Brexit: How it is affecting the price of your restaurant’s ingredients

The aftermath of the EU referendum has sent the British restaurant world into the unknown. The sharp fall in the value of the pound has started to raise costs of ingredients imported from overseas.

As Britain consumes 40 per cent of food from outside the UK, Vanessa King looks into the early implications that the post–referendum vote is having on the British dining scene.

Research by accountancy business Moore Stephens has suggested more than 5,500 restaurants could close in the next three years. The Restaurant Group, who own seven giant chains in the U.K, has already decided to close 33 restaurants.
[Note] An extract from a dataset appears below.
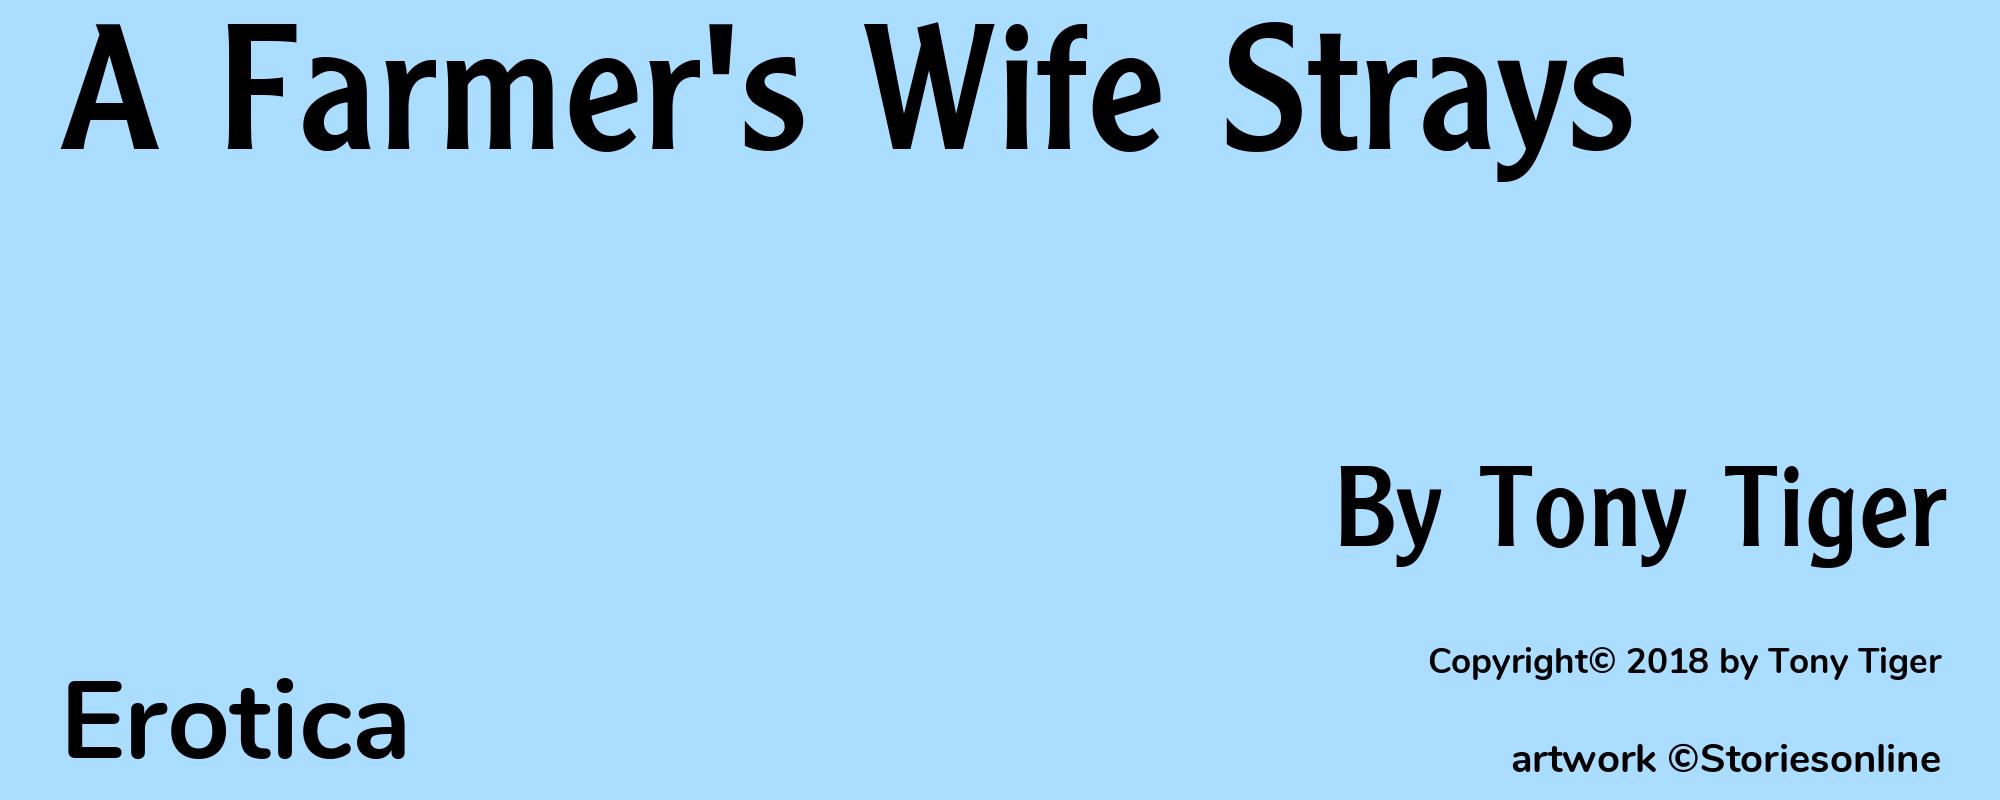 A Farmer's Wife Strays - Cover
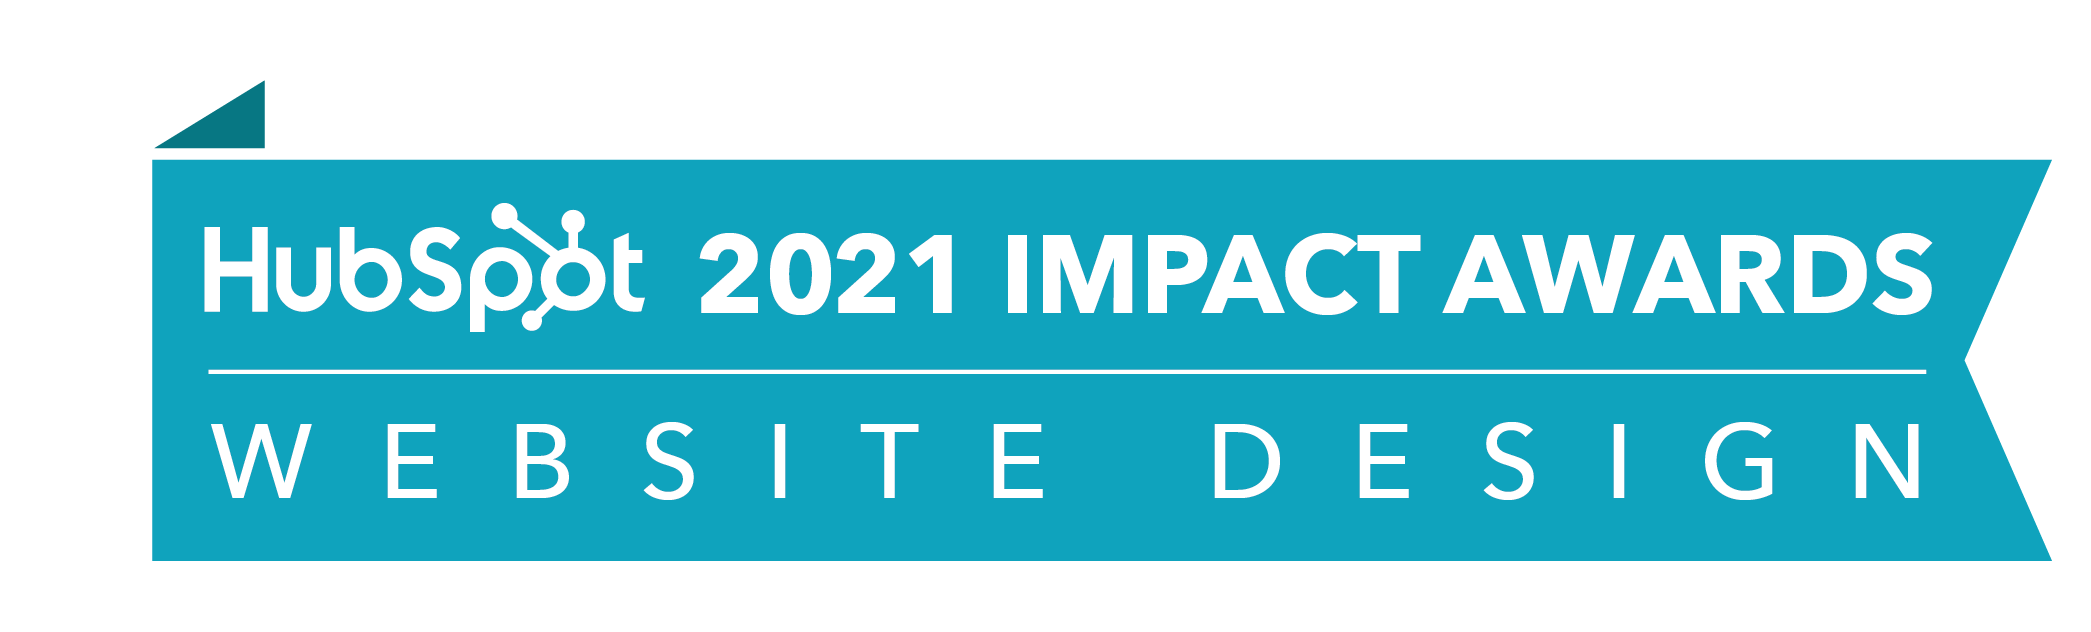 HubSpot_ImpactAwards_2021_WebsiteDesign2-2

New York-Italian style restaurant Frankie and Benny’s is the most affected, with 14 branches hanging up their chefs hats due to “challenging trading periods.”

Rising Costs

credit: flickr

The rising costs of pasta, wines and cheeses from Italy has seen many restaurants suffer. According to analysts Brand View, milk prices have risen from 17 pence a litre to as much as 27 pence all over Europe, which has seen the cost of mozzarella and cheddar plunge.

Ingredients price rise (Statistics by MySuperMarket, 23 June 2016 – 31 Jan 2017)

  • Ice cream – 8.2 per cent
  • Flour – 6.1 per cent
  • Vegetables (on average) – 8.1 per cent
  • Beer – 16 per cent
  • Orange juice – 5.5 per cent
  • Ketchup – 3.3 per cent
  • Wine – 13 per cent
  • Sugar – 12 per cent
  • Butter – 9 per cent
  • Fish – 7 per cent

Experts have suggested restaurateurs will have to put meal prices up by five per cent to maintain revenue when buying ingredients from Italy, which runs the risk of losing business.

Who It Has Affected So Far

Celebrity chef Jamie Oliver is to close six of his Jamie’s Italian restaurants across the country, following tough trading after Britain’s decision to leave the EU. The Exeter branch has already closed for business.

Simon Blagden, chief executive of the Jamie Oliver Restaurant Group told The Guardian: “As every restaurateur knows, this is a tough market and because we refuse to compromise on the quality and provenance of our ingredients, it means it is not sustainable to keep all the restaurants open.”

As well as franchised establishments, smaller and independent restaurants have faced post–Brexit concerns.

Olive Tree Brasserie, which has branches in Preston, Lytham St Annes and Chester, imports most of its ingredients from Greece. The weakening pound against the Euro has posed threat to the contemporary Greek restaurant’s budget.

Every year, the managers from each Olive Tree Brasserie branch take a trip to Greece to cherry pick the best spices, vegetables and fish to use in their kitchen, and thrive on using ingredients authentic to the Greek cuisine, including cinnamon and olives.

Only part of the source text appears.